Page 10
Story: King of Clubs (King #2)
Chapter Nine
B eing home over the last week had been surprisingly lonely. It was annoying how quickly I became used to the idea of having someone at my place. Last time someone stayed the night it was Cooper and Jay and I’d practically chased them out of here ready to draw blood after they offered to rearrange my gym equipment to what they thought would be more functional.
Marlee's exit was far more abrupt. She left while I was out and never gave me the chance to explain why I didn’t do everything I thought she wanted from me and more. My lingering frustration now pouring into each hit on the punching bag as I remembered her look of pain when I didn’t lean into those soft lips. When I didn’t do what I so desperately wanted, it was not only painfully difficult but her sadness intensified the guilt. As if I could ever take advantage of her that way.
Though not for lack of desire.
She was the epitome of a fucking wet dream and when she was asleep, making little noises as I lay her down, I had to physically stop myself from leaning over and painting her body with my tongue. And even more so when she held onto me after her nightmare. The way her eyes glazed and her lips parted had my cock awake and ready and it would’ve been easy to let him lead.
I saw the despair in her eyes when I didn’t lean over and kiss her, and while I wanted to erase her pain, I deserved a fucking medal for the level of self-control it took not to take advantage of that. Because there was a lot to desire with the warm smell of coconut which now inundated my bedroom and thoughts of the way her mouth would feel against my own while I tracked her body with my hands. For a second, I allowed myself to wonder what she would look like cuffed to my bed, begging me to fill her until she screamed my name.
Jesus Christ.
I was a lot of things, but I wasn't the kind of person who took advantage of someone who was clearly battling inner demons. And while the thought was tempting, I wasn’t willing to be a bandaid for her. If she wanted me that was fine, more than fine given my infatuation – but not when she was using it as an escape from her pain.

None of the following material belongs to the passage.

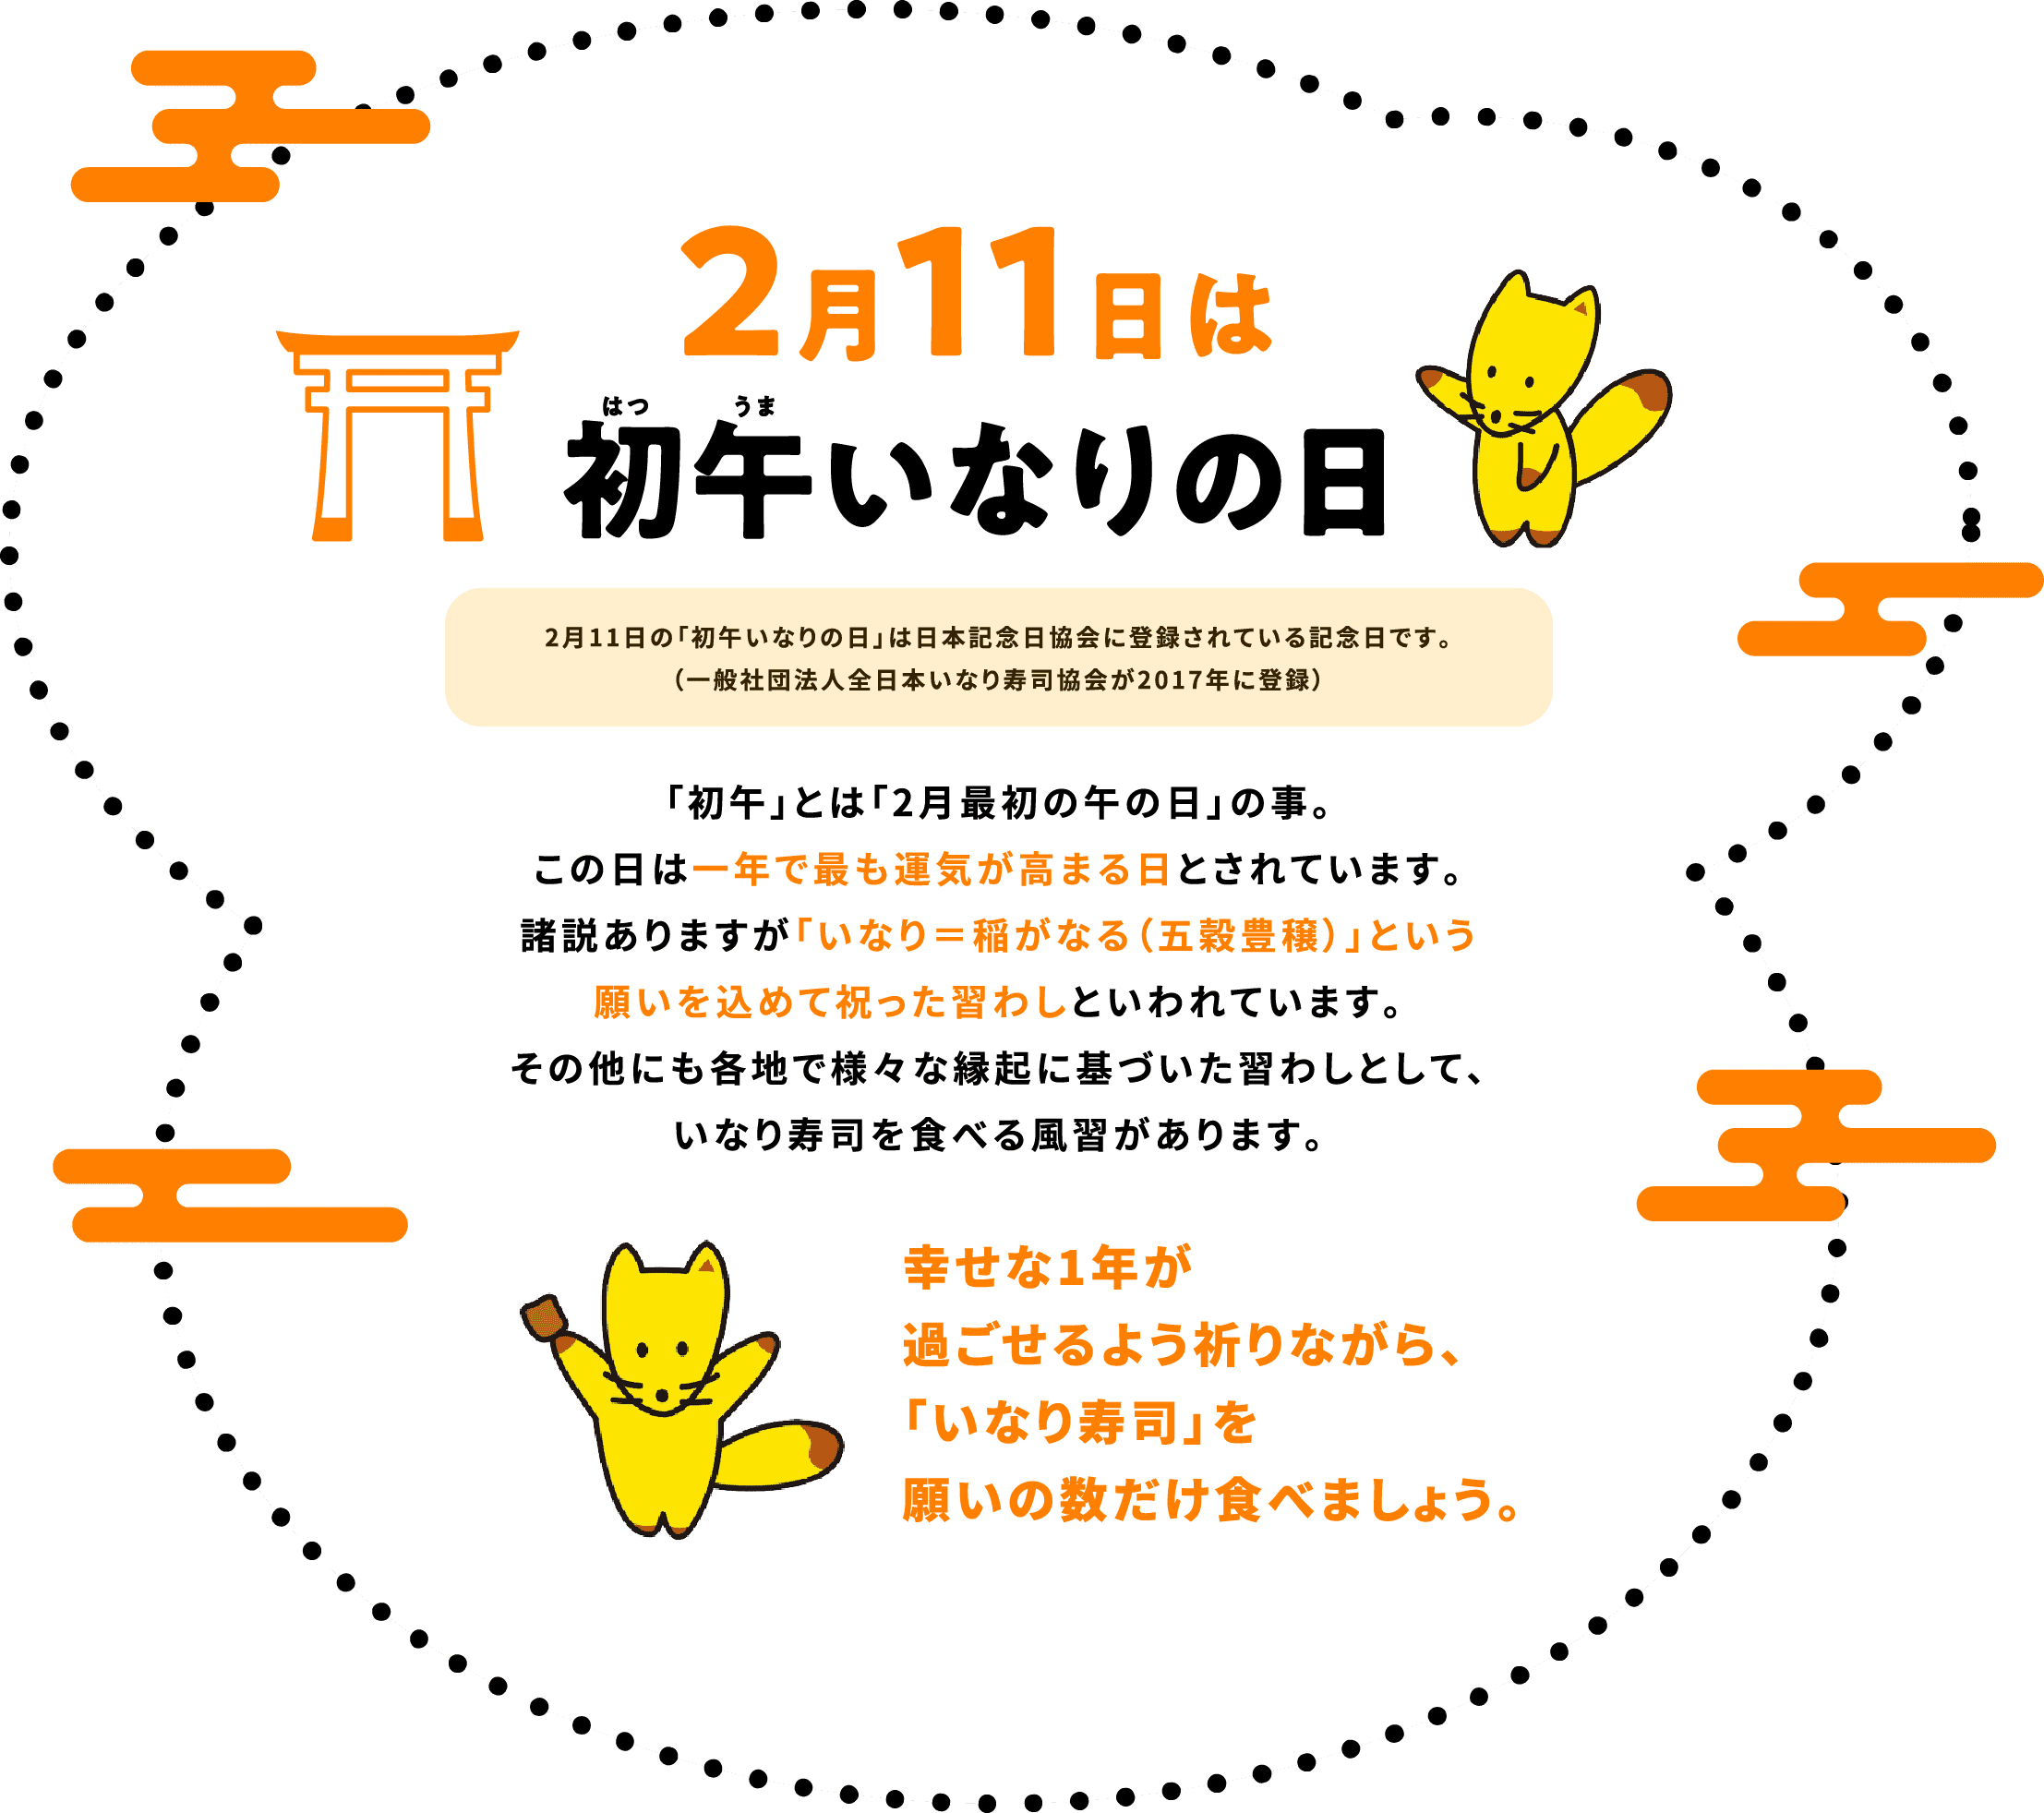 2月11日は初午はつうまいなりの日　2月11日の「初午いなりの日」は日本記念日協会に登録されている記念日です。（一般社団法人全日本いなり寿司協会が2017年に登録）「初午」とは「2月最初の午の日」の事。この日は一年で最も運気が高まる日とされています。諸説ありますが「いなり＝稲がなる（五穀豊穣）」という願いを込めて祝った習わしといわれています。その他にも各地で様々な縁起に基づいた習わしとして、いなり寿司を食べる風習があります。幸せな1年が過ごせるよう祈りながら、「いなり寿司」を願いの数だけ食べましょう。

I told myself I let her stay for a mate. A mate who I had known a bloody long time. One who brought his boys to the club, boys who played for the top football team in the state which was always a catalyst for a heap of fans who were hyped and consequently overspent. I told myself having her here was because I valued my life and Arna seemed pretty serious with her threats to end mine, but it was all bullshit.

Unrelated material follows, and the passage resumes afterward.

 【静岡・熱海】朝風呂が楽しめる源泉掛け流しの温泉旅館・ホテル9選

It was my growing crush which instigated me to make her a coffee and wait for the look of satisfaction when she tasted something I fashioned. Especially given I actually had the caramel thanks to Mum’s coffee order.
Refocusing on the task in front of me, I punched into the bag. My irritation was clear. It hadn't ended the way I would have liked and now I wasn’t sure what my next move should be.
I couldn’t deny the disappointment when I returned and she wasn’t there. Something which should have been nothing felt frustratingly unfinished. And I didn’t like unfinished.
I needed to see her again.
I wanted to know what had caused the fear that sat in the depths of her emerald eyes. I wanted to hear her story, wrap her in strength and then make her smile. Smile for me .
The familiar shrill of my phone pulled me from my daydream and I sighed, quickly unstrapping my hand and reaching to answer Cooper’s call.
“Yeah,” I greeted plainly despite what I knew was coming.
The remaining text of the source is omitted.